Dataset content.

------------------------

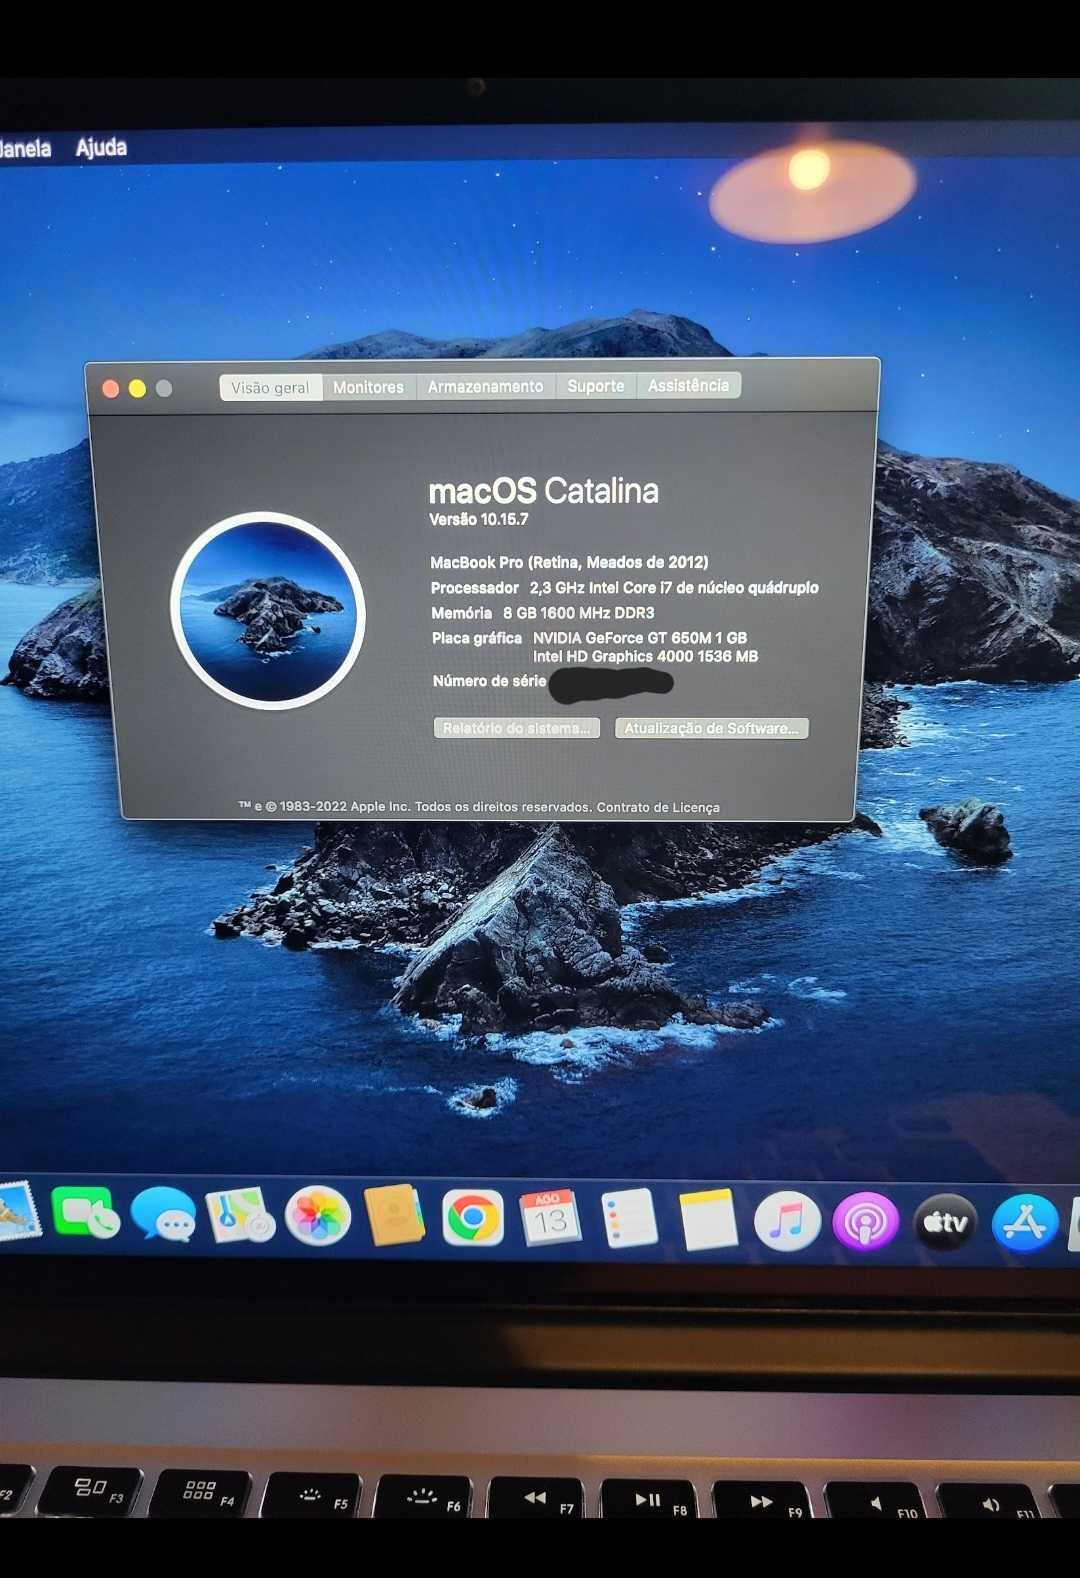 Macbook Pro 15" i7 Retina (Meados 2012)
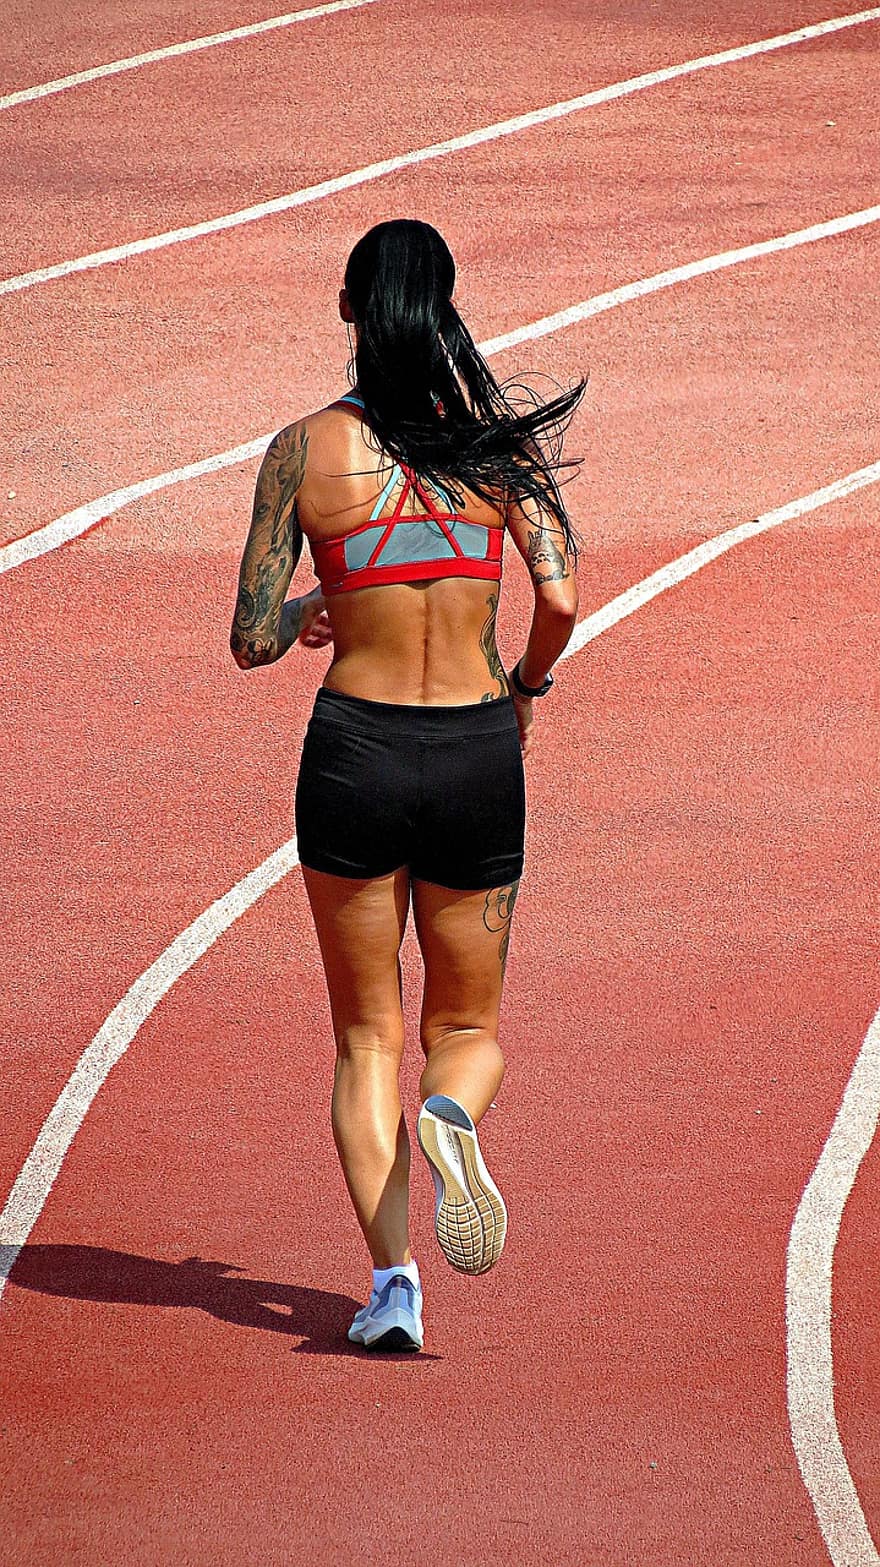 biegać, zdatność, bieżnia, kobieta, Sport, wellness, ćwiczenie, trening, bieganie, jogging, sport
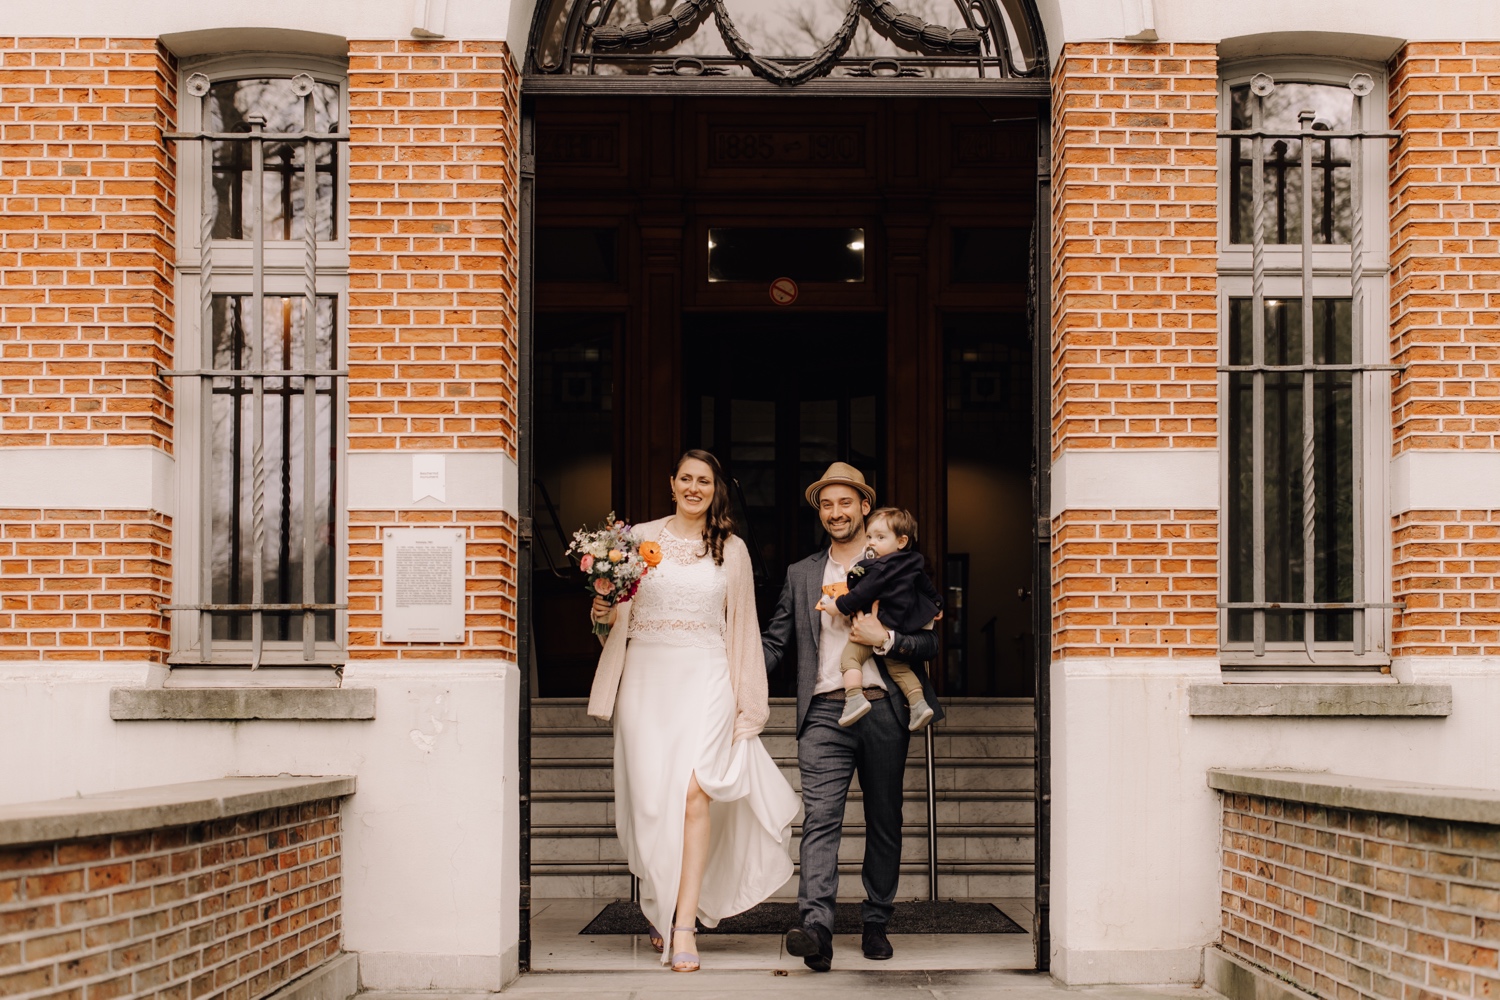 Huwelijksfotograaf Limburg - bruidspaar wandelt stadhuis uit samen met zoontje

------------------------

What is required.
Leaving out the pictures, output each line above exactly as it is.

Task solution.
 Macbook Pro 15" i7 Retina (Meados 2012)
 biegać, zdatność, bieżnia, kobieta, Sport, wellness, ćwiczenie, trening, bieganie, jogging, sport
 Huwelijksfotograaf Limburg - bruidspaar wandelt stadhuis uit samen met zoontje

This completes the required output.